A destructive data wiper was discovered recently by the ESET researchers that were used in attacks against Ukrainian organizations. It is the third strain of wiper malware that was discovered since the Russian invasion started to affect computers in Ukraine.
ESET researchers named this malware, CaddyWiper, and as soon as a compromised system is infected by this malware, it erases all the data and partition information.
ESET products detect this malware as Win32/KillDisk[.]NCX and there have been multiple reports of the wiper being installed on systems in a limited number of organizations.
While apart from this, neither HermeticWiper nor IsaacWiper (Two other strains of wiper malware targeting computers in Ukraine) shares any close code similarities with CaddyWiper. The CaddyWiper malware may have been launched after the threat actors hacked into the target network.
However, till now it has been detected that only one organization has been targeted by the CaddyWiper, in short, the number of cases in the wild is small.
In the days before Russia invaded Ukraine, ESET’s telemetry discovered HermeticWiper on the networks of several high-profile organizations in Ukraine.

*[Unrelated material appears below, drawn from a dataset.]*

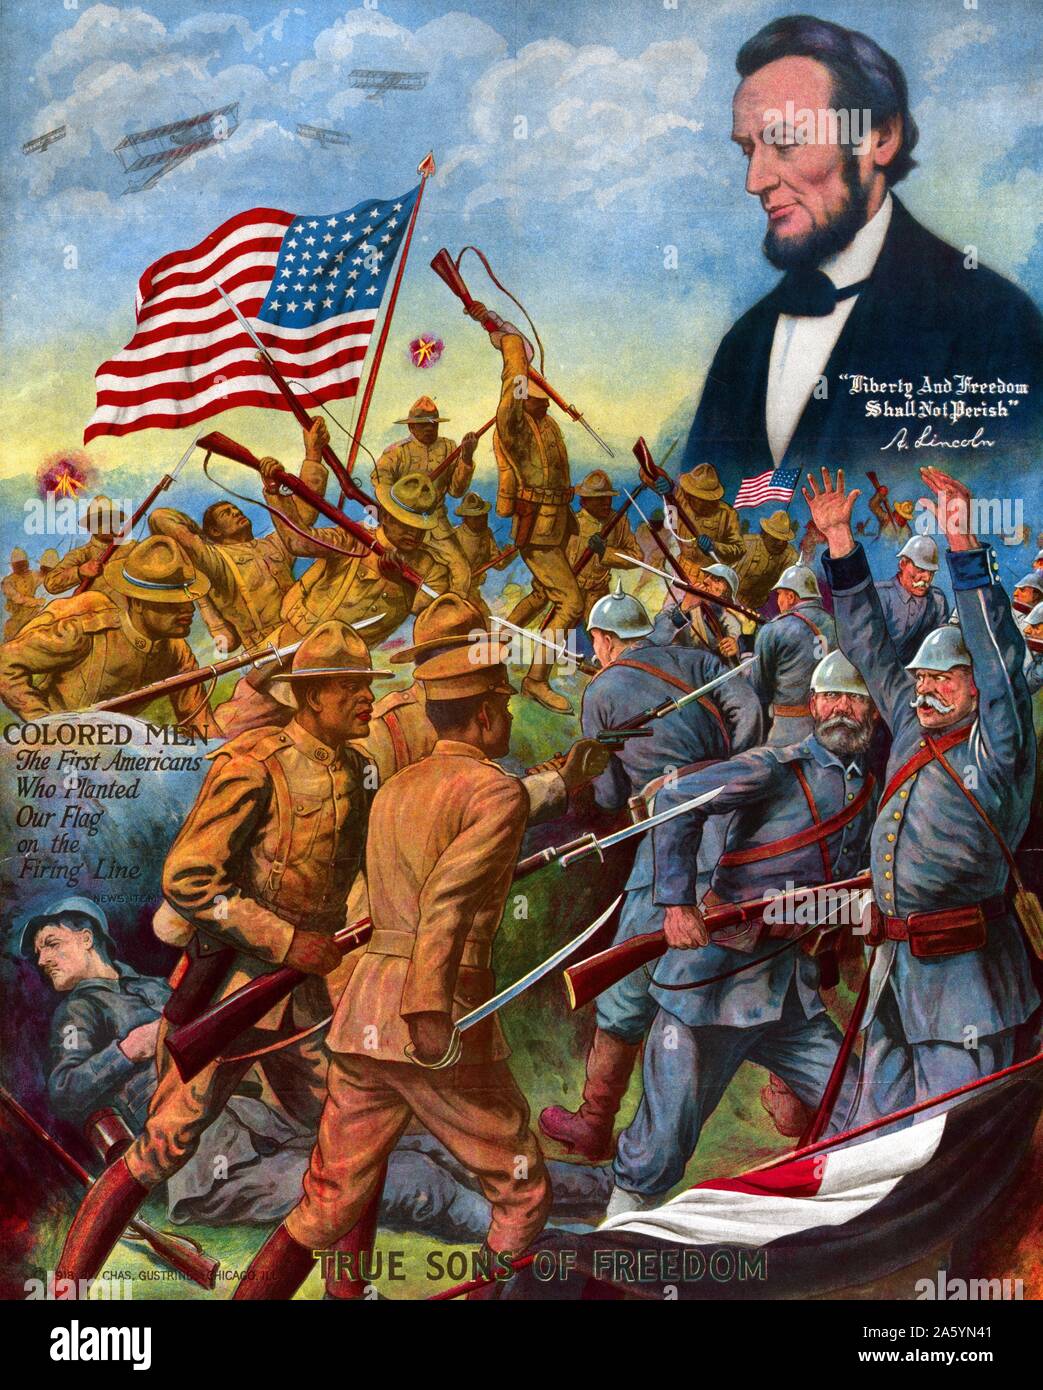 True Sons of Freedom 1918. African American soldiers fighting German soldiers in World War I. President Abraham Lincoln can be seen above soldiers. Gustrine Chas. Stock Photo
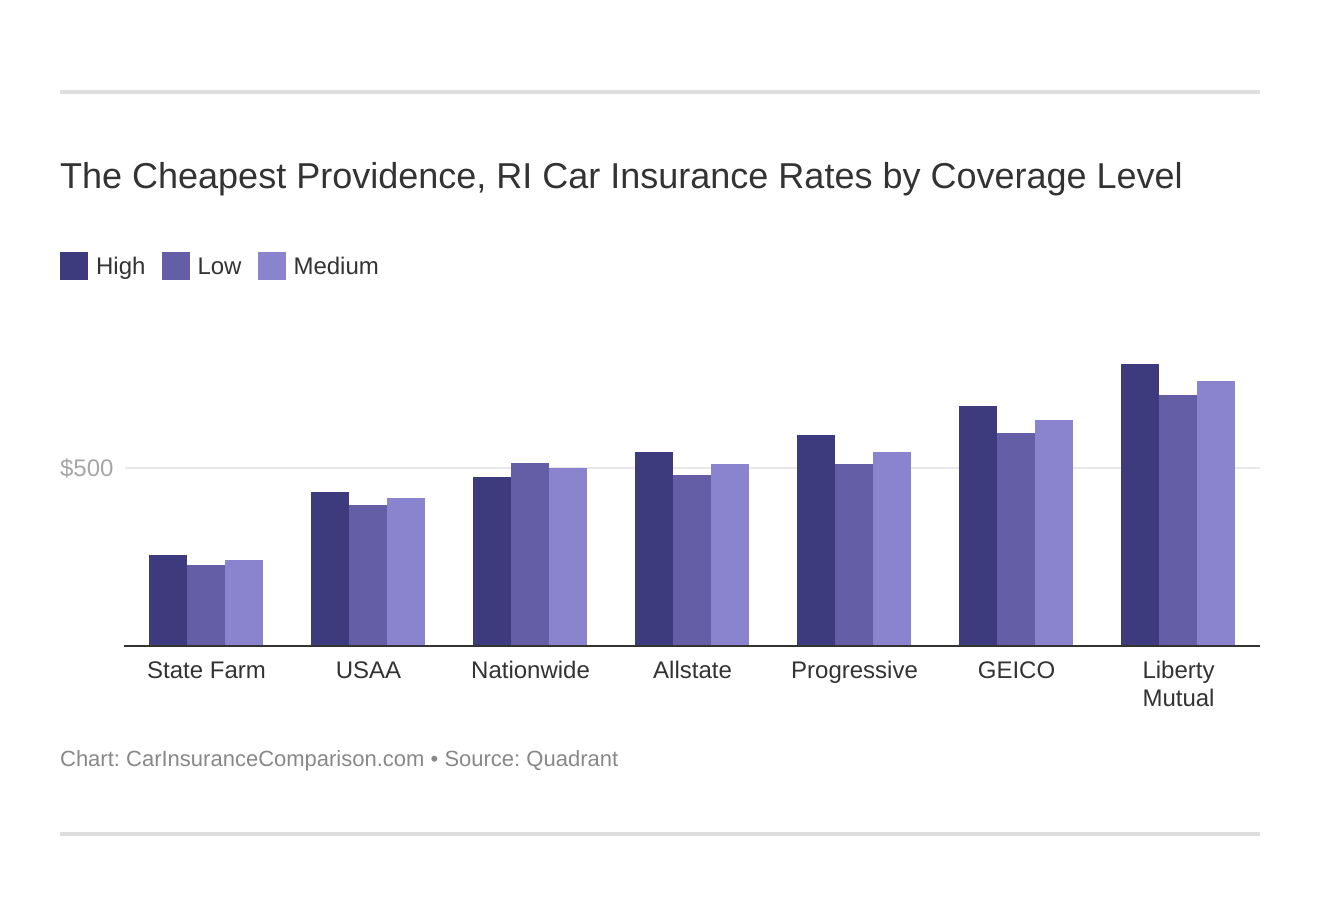 The Cheapest Providence, RI Car Insurance Rates by Coverage Level

Furthermore, HermeticWiper was propagated inside local networks with HermeticWizard, as well as HermeticRansom, which served as decoy ransomware.
Here the malware is primarily designed with the sole intention of attacking the target rather than extracting any financial data, information, and reward from the victim.
In January of this year, a similar data wiper called WhisperGate struck multiple organizations in Ukraine. In the last eight years, high-profile targets in the country have been targeted in a series of malicious campaigns like this.
In this ongoing cyberwarfare, some of the hackers supporting Ukraine have used malware against pro-Russian cybercriminals, who use malware to degrade and destroy data on Ukrainian computer systems.
While on the other hand, other hackers have targeted Russian companies and government agencies to leak their confidential information. The Russia-Ukraine conflict has so far not resulted in a large-scale cyberattack, but larger attacks could still occur.